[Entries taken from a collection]
/---
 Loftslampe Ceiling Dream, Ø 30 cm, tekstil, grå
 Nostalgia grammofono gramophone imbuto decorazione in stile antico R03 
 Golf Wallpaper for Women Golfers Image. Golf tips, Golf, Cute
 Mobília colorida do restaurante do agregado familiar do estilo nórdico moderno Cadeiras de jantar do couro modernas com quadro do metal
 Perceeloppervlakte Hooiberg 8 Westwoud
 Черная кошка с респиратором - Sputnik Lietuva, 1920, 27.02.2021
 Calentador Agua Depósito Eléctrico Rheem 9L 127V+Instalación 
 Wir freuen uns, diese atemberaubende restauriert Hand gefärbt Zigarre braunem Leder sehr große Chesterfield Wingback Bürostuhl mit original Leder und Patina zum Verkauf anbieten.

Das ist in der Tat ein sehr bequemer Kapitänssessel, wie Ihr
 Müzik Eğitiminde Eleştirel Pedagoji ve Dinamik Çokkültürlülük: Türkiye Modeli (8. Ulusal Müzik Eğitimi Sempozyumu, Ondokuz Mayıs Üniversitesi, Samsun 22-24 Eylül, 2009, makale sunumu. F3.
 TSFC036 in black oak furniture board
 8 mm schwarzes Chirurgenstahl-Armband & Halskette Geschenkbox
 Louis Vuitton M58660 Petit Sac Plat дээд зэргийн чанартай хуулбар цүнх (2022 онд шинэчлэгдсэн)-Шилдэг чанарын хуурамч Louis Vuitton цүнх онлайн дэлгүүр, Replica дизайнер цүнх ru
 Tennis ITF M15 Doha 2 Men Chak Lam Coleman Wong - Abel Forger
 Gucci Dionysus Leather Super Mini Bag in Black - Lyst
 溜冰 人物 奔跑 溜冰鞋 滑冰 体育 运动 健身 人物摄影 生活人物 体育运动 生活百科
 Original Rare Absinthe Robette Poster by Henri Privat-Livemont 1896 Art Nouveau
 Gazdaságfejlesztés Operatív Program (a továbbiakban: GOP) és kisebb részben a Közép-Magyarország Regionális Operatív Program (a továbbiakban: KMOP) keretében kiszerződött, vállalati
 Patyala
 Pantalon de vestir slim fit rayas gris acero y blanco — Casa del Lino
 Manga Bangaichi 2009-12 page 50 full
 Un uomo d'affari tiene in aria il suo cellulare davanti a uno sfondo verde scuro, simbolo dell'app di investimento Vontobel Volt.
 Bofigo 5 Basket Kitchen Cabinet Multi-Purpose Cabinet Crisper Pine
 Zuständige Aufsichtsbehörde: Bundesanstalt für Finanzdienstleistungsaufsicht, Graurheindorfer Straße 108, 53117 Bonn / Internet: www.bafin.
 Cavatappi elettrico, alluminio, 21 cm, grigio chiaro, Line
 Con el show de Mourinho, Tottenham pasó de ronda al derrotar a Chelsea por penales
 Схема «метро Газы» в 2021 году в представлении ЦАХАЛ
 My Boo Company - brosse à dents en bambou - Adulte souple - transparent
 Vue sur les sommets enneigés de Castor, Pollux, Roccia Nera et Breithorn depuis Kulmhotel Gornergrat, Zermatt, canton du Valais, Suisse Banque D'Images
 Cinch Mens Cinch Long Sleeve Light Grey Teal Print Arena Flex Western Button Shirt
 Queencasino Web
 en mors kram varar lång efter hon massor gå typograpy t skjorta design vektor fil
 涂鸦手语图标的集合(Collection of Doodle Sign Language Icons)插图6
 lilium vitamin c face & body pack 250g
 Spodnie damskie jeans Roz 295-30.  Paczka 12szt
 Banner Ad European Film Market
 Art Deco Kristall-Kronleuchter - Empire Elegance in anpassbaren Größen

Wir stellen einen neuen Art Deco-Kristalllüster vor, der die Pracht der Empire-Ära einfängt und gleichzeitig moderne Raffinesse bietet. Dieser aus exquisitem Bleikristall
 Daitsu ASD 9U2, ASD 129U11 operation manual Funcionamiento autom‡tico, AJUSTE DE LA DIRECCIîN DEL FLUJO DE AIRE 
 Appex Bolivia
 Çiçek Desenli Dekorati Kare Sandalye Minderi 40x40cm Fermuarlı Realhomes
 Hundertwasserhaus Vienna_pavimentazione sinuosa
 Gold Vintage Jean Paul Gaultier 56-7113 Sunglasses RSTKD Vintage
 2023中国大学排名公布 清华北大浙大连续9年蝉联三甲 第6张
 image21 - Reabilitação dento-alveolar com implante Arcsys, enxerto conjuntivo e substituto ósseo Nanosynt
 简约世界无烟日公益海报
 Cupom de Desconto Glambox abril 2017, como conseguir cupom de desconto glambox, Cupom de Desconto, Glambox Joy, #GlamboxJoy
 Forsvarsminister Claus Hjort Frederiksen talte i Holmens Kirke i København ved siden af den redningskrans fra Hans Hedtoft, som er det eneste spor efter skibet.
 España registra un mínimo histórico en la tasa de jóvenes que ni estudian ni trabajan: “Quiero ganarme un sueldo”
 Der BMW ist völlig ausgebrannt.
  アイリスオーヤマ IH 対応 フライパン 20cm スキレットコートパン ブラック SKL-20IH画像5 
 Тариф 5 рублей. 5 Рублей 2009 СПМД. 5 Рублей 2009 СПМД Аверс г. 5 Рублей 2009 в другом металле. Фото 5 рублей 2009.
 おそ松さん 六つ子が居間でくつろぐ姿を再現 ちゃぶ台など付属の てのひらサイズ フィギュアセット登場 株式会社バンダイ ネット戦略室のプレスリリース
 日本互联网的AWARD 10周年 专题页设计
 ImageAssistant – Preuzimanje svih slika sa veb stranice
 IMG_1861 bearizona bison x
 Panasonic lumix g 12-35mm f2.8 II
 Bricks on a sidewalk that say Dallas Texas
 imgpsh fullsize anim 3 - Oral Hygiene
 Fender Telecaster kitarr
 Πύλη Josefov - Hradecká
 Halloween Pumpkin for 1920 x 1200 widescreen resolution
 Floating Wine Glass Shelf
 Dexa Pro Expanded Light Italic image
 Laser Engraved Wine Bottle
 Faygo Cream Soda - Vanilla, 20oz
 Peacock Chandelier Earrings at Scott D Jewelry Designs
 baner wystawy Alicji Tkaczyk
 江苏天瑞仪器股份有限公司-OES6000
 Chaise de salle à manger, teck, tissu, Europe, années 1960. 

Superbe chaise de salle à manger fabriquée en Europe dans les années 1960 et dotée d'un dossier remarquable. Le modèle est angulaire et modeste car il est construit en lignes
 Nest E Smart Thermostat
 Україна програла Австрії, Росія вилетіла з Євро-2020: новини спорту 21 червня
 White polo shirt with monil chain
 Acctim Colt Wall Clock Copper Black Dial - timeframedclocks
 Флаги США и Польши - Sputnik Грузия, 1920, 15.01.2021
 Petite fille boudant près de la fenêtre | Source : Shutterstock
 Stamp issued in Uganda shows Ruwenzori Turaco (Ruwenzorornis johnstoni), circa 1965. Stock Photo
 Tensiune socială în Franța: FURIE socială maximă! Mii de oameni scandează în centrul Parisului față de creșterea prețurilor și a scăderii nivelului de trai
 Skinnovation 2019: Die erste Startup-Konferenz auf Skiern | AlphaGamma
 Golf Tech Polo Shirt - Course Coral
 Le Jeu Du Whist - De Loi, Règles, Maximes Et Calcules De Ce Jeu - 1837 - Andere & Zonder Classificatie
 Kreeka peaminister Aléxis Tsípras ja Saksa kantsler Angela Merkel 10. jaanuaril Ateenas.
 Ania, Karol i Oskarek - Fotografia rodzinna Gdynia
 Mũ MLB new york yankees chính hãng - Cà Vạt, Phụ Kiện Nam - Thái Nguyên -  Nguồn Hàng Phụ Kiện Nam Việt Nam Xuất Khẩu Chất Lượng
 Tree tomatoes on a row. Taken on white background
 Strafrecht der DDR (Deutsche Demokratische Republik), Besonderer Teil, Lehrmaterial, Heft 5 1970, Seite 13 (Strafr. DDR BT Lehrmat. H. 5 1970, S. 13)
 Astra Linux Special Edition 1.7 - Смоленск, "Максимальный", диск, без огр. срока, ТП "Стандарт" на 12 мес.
\---
Your goal
Give back the records above exactly, limited to the lines between the one holding "Perceeloppervlakte Hooiberg 8 Westwoud" and the one holding "TSFC036 in black oak furniture board", inclusive.

Problem solution
 Perceeloppervlakte Hooiberg 8 Westwoud
 Черная кошка с респиратором - Sputnik Lietuva, 1920, 27.02.2021
 Calentador Agua Depósito Eléctrico Rheem 9L 127V+Instalación 
 Wir freuen uns, diese atemberaubende restauriert Hand gefärbt Zigarre braunem Leder sehr große Chesterfield Wingback Bürostuhl mit original Leder und Patina zum Verkauf anbieten.

Das ist in der Tat ein sehr bequemer Kapitänssessel, wie Ihr
 Müzik Eğitiminde Eleştirel Pedagoji ve Dinamik Çokkültürlülük: Türkiye Modeli (8. Ulusal Müzik Eğitimi Sempozyumu, Ondokuz Mayıs Üniversitesi, Samsun 22-24 Eylül, 2009, makale sunumu. F3.
 TSFC036 in black oak furniture board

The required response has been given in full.